= Harry Randall Jr. =

American lawyer (1927–2013)

Harry Randall Jr. (January 30, 1927 – May 2, 2013) was an American Republican Party politician from New Jersey who served in the New Jersey General Assembly from 1962 to 1966 and from 1968 to 1970, after which he served as a member of the Bergen County Board of Chosen Freeholders.

==Electoral history==
He served as a Councilman in Westwood, New Jersey before winning a seat in the State Assembly in 1961. He was re-elected in 1963. He ran for State Senator in 1965, but lost the Republican primary. He ran again for Assemblyman in 1967 and won. He did not seek re-election in 1969. In 1973, he ran for State Senator in Bergen County District 39, but lost to Democrat Raymond Garramone. He later served on the Bergen County Board of Freeholders.

==Personal==
Randall was born on January 30, 1927, in Oradell, New Jersey and grew up in nearby Westwood.

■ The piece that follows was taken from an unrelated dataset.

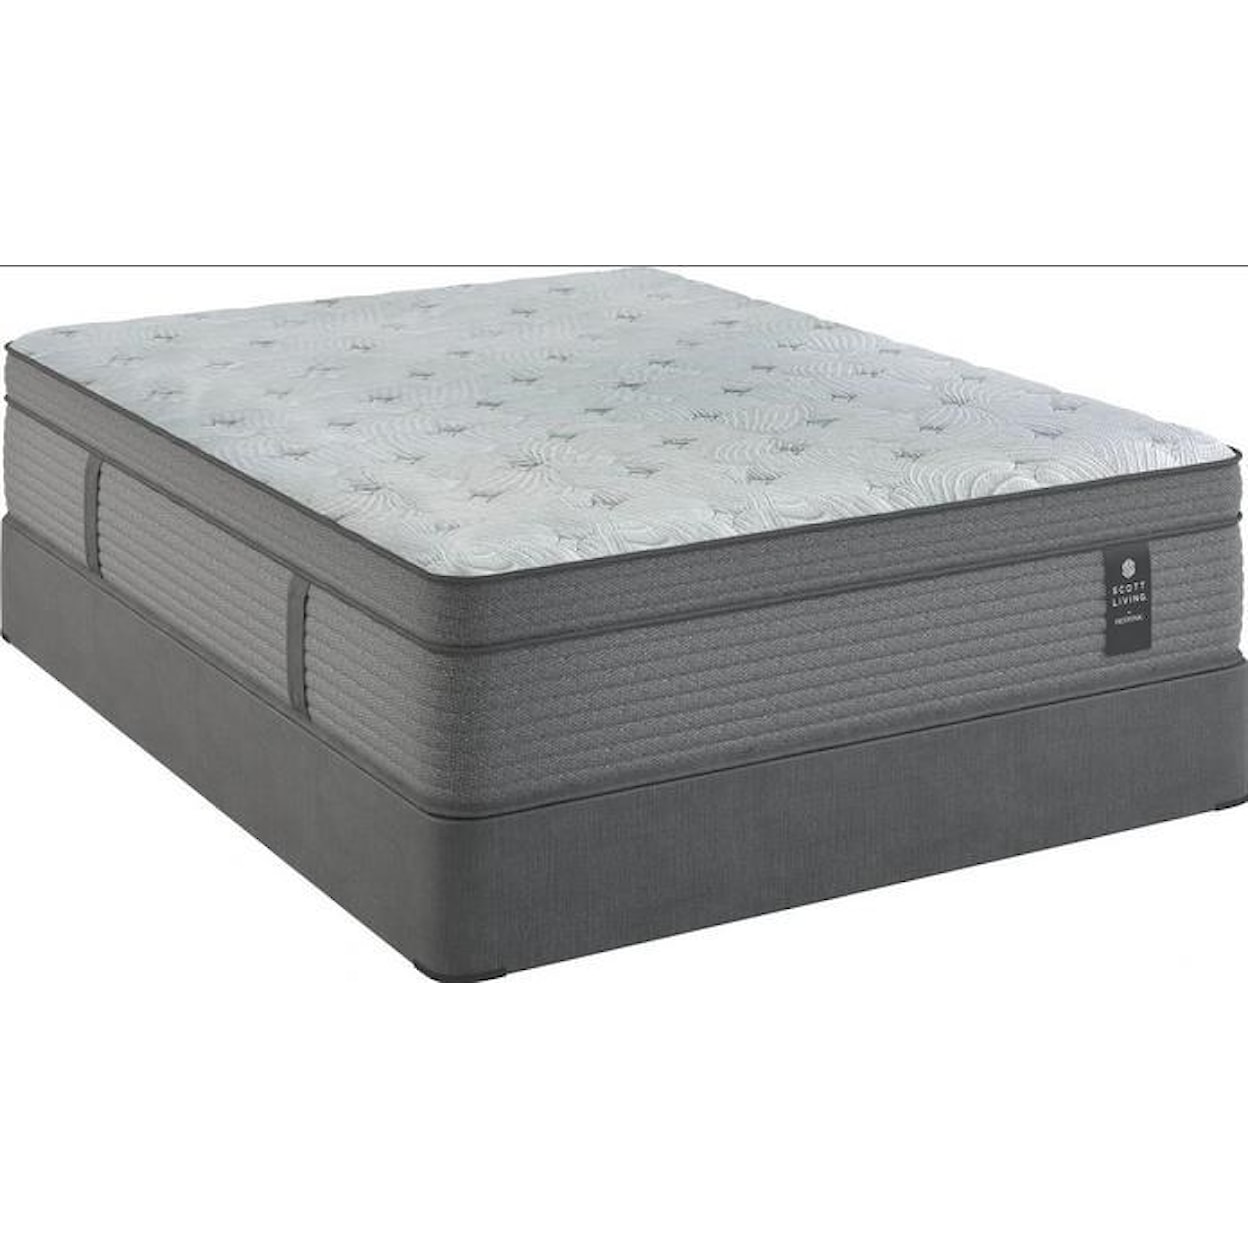 Restonic 5001654 Newport Euro Top Newport Twin XL mattress

He served as a translator in the United States Army during World War II, after receiving training in Japanese at Princeton University, the University of Minnesota and Yale University. After completing his military service, he attended Dartmouth College and received a law degree from Rutgers School of Law–Newark.

His daughter, Elizabeth Randall, later held the Assembly seat from the 39th Legislative District, while his son Thomas has served as mayor of Ho-Ho-Kus.